[LLVMdev] Proposal: change LNT’s regression detection algorithm and how it is used to reduce false positives
Philip Reames
listmail at philipreames.com
Tue Jun 2 14:24:11 PDT 2015
Personally, I would prefer this either live in it's own repository, or
llvm/tools/. None of my use cases will likely involve the test-suite.
p.s. If this is going to end up an llvm tool, it will need to follow
LLVM style.
p.p.s. We should probably start a new thread with the proposed addition
since I imagine many folks are ignoring this one by now given how deep
it's gotten.
Philip
On 06/02/2015 12:04 PM, Chris Matthews wrote:
> I like that idea!
>
>
>> On Jun 2, 2015, at 12:00 PM, Smith, Kevin B <kevin.b.smith at intel.com
>> <mailto:kevin.b.smith at intel.com>> wrote:
>>
>> The code for cmpimage and getdep consists of five source files, with
>> the following sizes
>>
>> $ wc *
>>
>> 5912 20353 191869 cmpimage.cpp
>>
>> 290 1328 10668 elf.h
>>
>> 1496 5006 41691 getdep.cpp
>>
>> 233 959 7692 macho.h
>>
>> 403 1831 18394 pecoff.h
>>
>> 8334 29477 270314 total
>>
>> to build each of them is just a simple compilation for whatever C++
>> compiler you happen to be using (clang, icc, cl, g++)
>>
>> $(CXX) –o cmpimage –O2 cmpimage.cpp
>>
>> $(CXX) –o getdep –O2 getdep.cpp
>>
>> This seems like it would fit rather easily into test-suite/tools,
>> which already exists and has a Makefile that the commands to build
>>
>> these could be integrated into.
>>
>> This is my best guess/opinion based on a cursory look over the
>> test-suite directory structure.
>>
>> Kevin
>>
>> *From:*Chris Matthews [mailto:chris.matthews at apple.com]

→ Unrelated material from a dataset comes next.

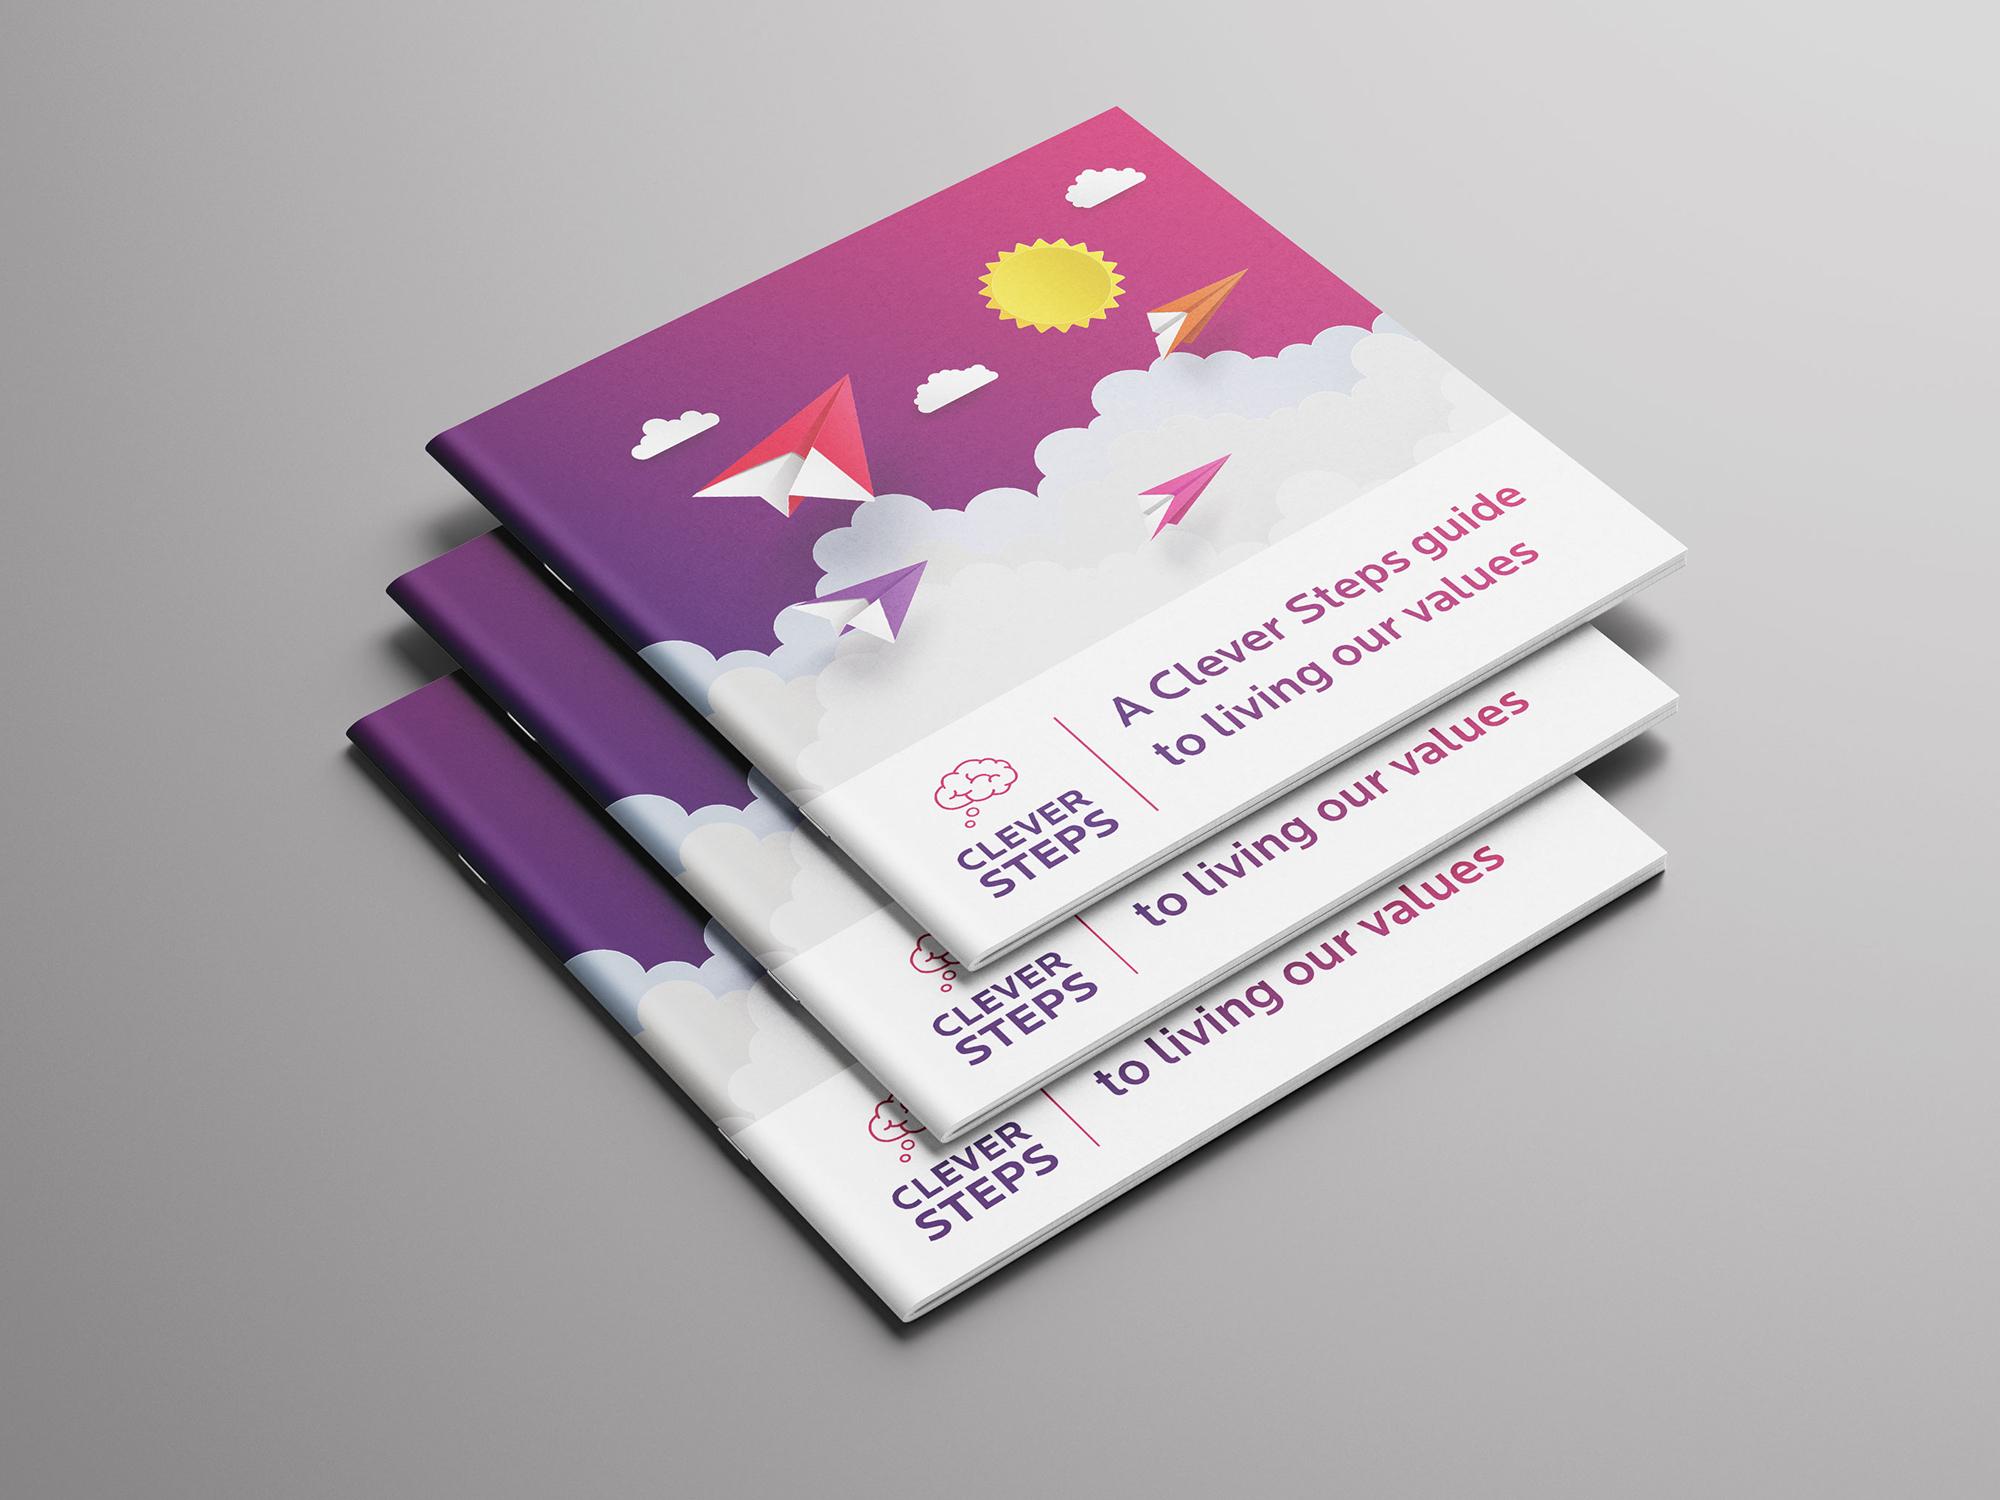 Clever_Steps_Free_Square_Brochure_Mockup_04_2000.jpg
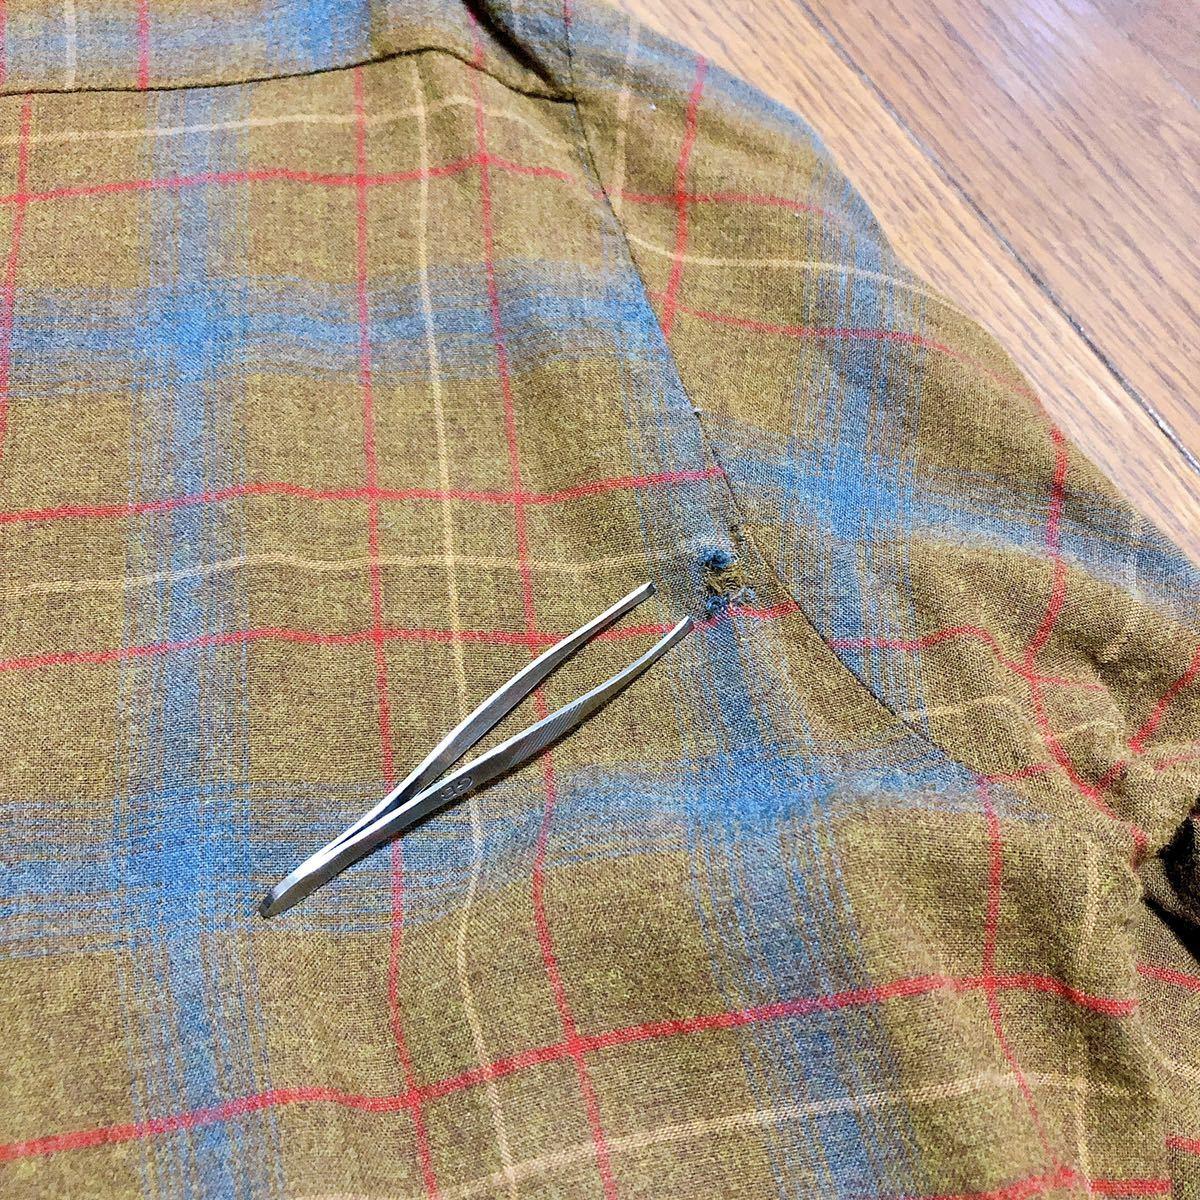 Vintage レーヨン チェックシャツ XL 長袖シャツ チェックシャツ ビンテージ タウンクラフト_画像6

>> *Sent:* Thursday, May 28, 2015 1:02 PM
>> *To:* Smith, Kevin B
>> *Cc:* Philip Reames; Sean Silva; LLVM Developers Mailing List
>> *Subject:* Re: [LLVMdev] Proposal: change LNT’s regression detection
>> algorithm and how it is used to reduce false positives
>>
>> Where is the best place to keep this?
>>
>> - As third party tool we all use?
>>
>> - Contribute as new project?
>>
>> - Lives in test-suite/utils?
>>
>> - Lives in llvm/utils?
>>
>> On May 28, 2015, at 11:22 AM, Smith, Kevin B
>> <kevin.b.smith at intel.com <mailto:kevin.b.smith at intel.com>> wrote:
>>
>> OK, there is interest from at least a couple of people. What
>> should next steps be?
>>
>> Kevin
>>
>> *From:*Chris Matthews [mailto:chris.matthews at apple.com]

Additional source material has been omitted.